Suppose there are 2 strings:

string parse(const string& s) { // how to write this function? } int main() { string s1 = R"(hello\n\"this is a string with escape sequences\"\n)"; string s2 = "hello\n\"this is a string with escape sequences\"\n"; assert(parse(s1) == s2); }

My question is, how to write the function parse() in order to make the assertion succeed, other than some hand-made code traversing the string and checking against every possible escape sequence? Is there any existing idiom for doing this?


It's probably the easiest to just implement the replacement of escape sequences using a regular expression, but if you insist on doing it without, you can always write the string to a file as part of a valid C++ program that prints the string to a file, then read it from the file. (This can also be improved to work without temp files at all)

#include <iostream> #include <fstream> #include <string> #include <cstdlib> #include <assert.h> using std::string; string parse(const string& s) { std::ofstream ftmp("tmpsrc.cpp"); ftmp << "#include <iostream>\nint main(int argc, char* argv[]){\n"; ftmp << " std::cout << \"" << s << "\";\nreturn 0;}\n\n"; ftmp.close(); system("g++ -o tmpprint tmpsrc.cpp"); system("./tmpprint > tmpstr.txt"); std::ifstream fin("tmpstr.txt",std::ios::in|std::ios::binary); fin.seekg(0,std::ios::end); int size=fin.tellg(); fin.seekg(0); string res; res.resize(size); fin.read(&res[0],size); fin.close(); // Add delete of temp files here return res; } int main() { string s1 = R"(hello\n\"this is a string with escape sequences\"\n)"; string s2 = "hello\n\"this is a string with escape sequences\"\n"; assert(parse(s1) == s2); }


IMHO, C++ escape sequencies are very easy to replace them manually

string string_replace( const string & s, const string & findS, const std::string & replaceS ) { string result = s; auto pos = s.find( findS ); if ( pos == string::npos ) { return result; } result.replace( pos, findS.length(), replaceS ); return string_replace( result, findS, replaceS ); } string parse(const string& s) { static vector< pair< string, string > > patterns = { { "\\\\" , "\\" }, { "\\n", "\n" }, { "\\r", "\r" }, { "\\t", "\t" }, { "\\\"", "\"" } }; string result = s; for ( const auto & p : patterns ) { result = string_replace( result, p.first, p.second ); } return result; } int main() { string s1 = R"(hello\n\"this is a string with escape sequences\"\n)"; string s2 = "hello\n\"this is a string with escape sequences\"\n"; cout << parse(s1) << endl; cout << ( parse(s1) == s2 ) << endl; }



hello "this is a string with escape sequences"

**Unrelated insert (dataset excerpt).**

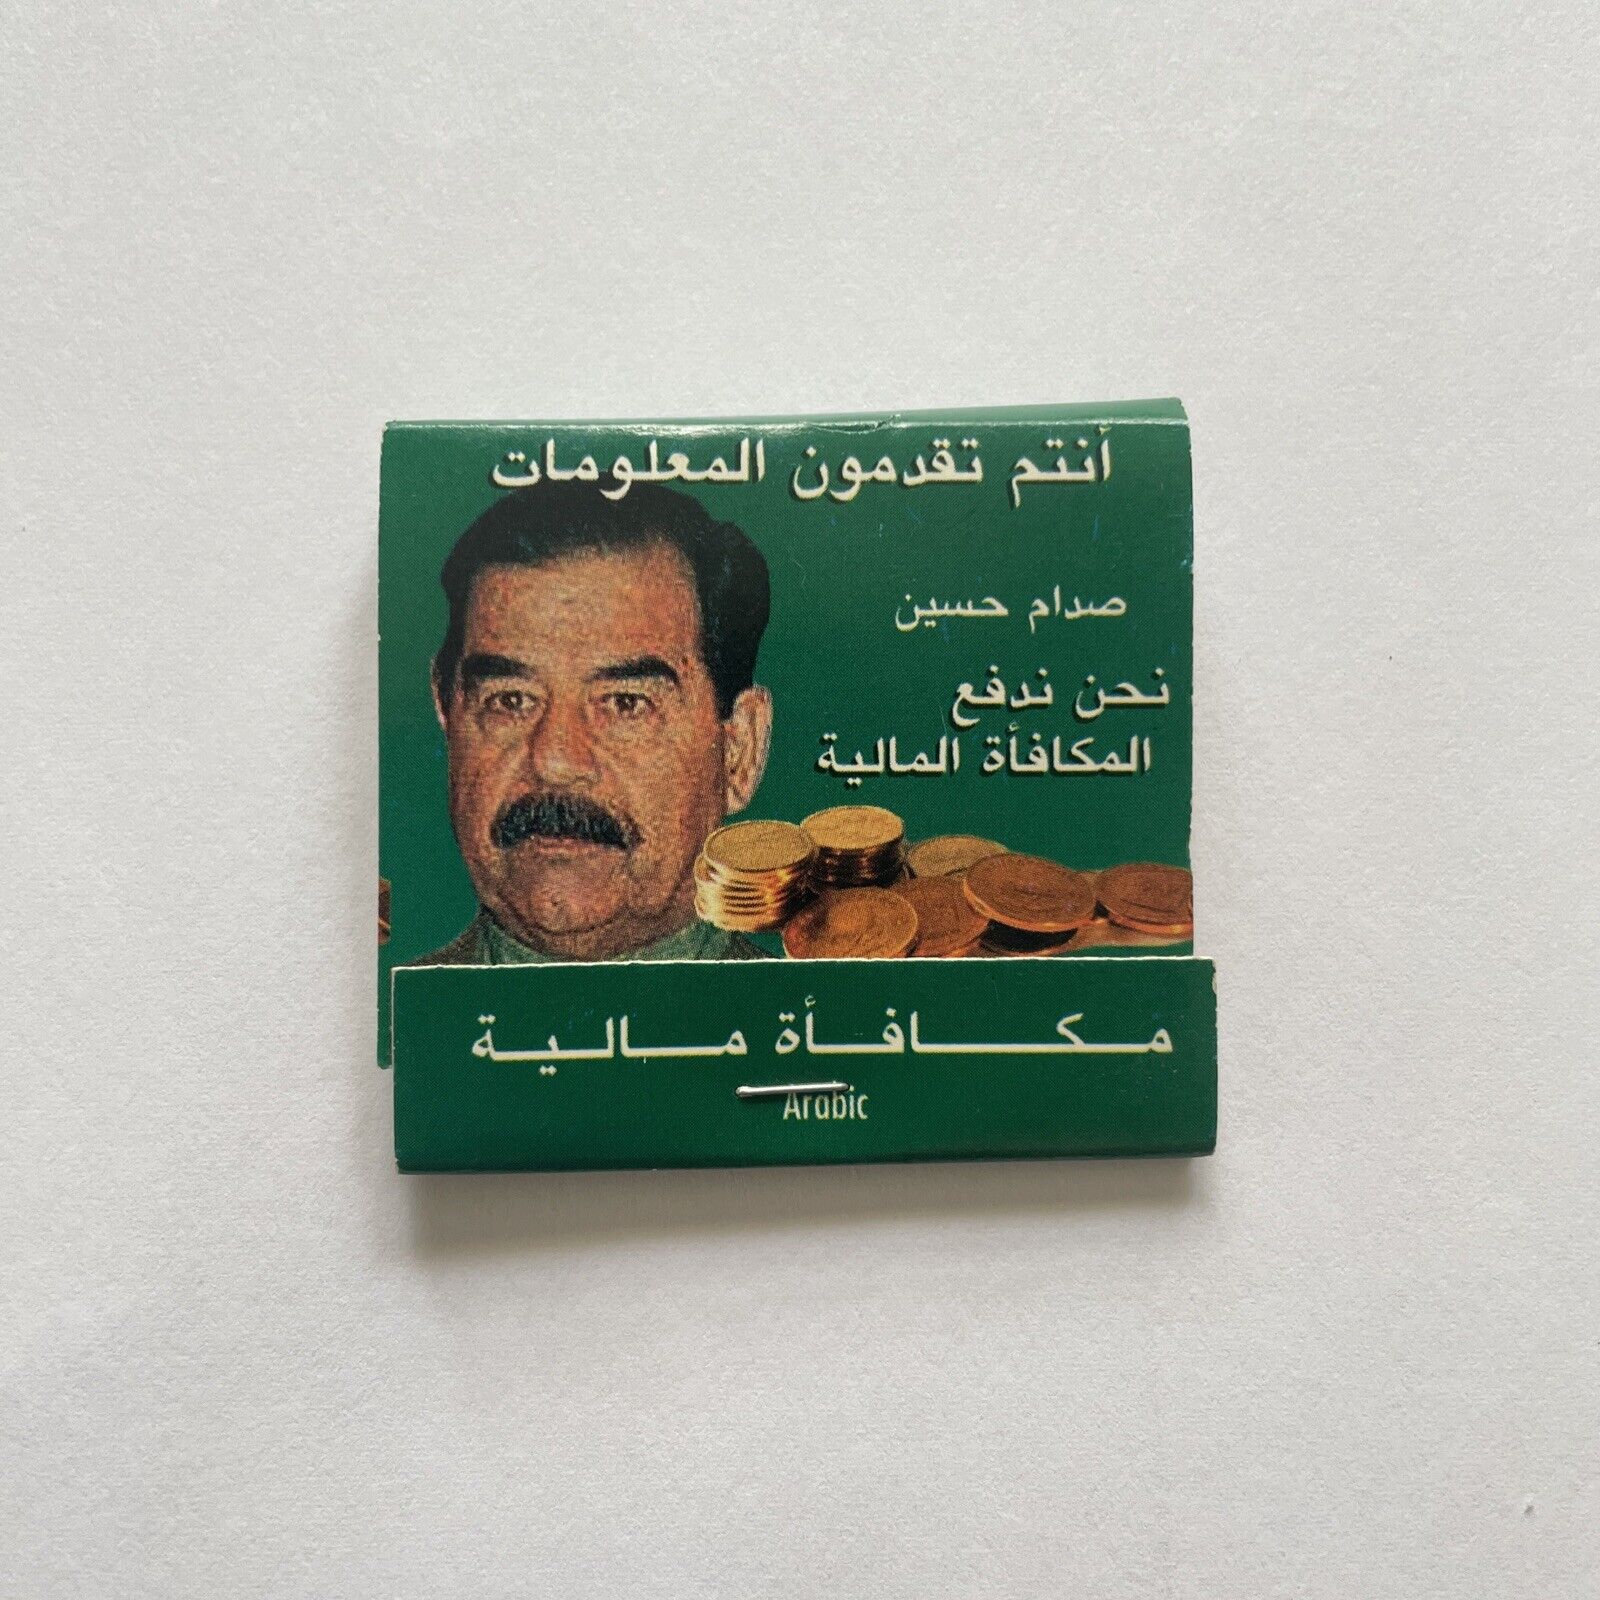 Saddam Hussein Rewards for Justice Program Matchbook w/ Arabic Information RARE

You could use string stream. Check each character of the string for an escaped backslash '\' character. When found, check for the next character to be a valid escape character. Then write a string to the string stream for that escape character sequence.

std::string parse(const std::string& s) { std::stringstream ss{""}; for(size_t i = 0; i < s.length(); i++) { if (s.at(i) == '\\') { switch(s.at(i + 1)) { case 'n': ss << "\n"; i++; break; case '"': ss << "\""; i++; break; default: ss << "\\"; break; } } else { ss << s.at(i); } } return ss.str(); }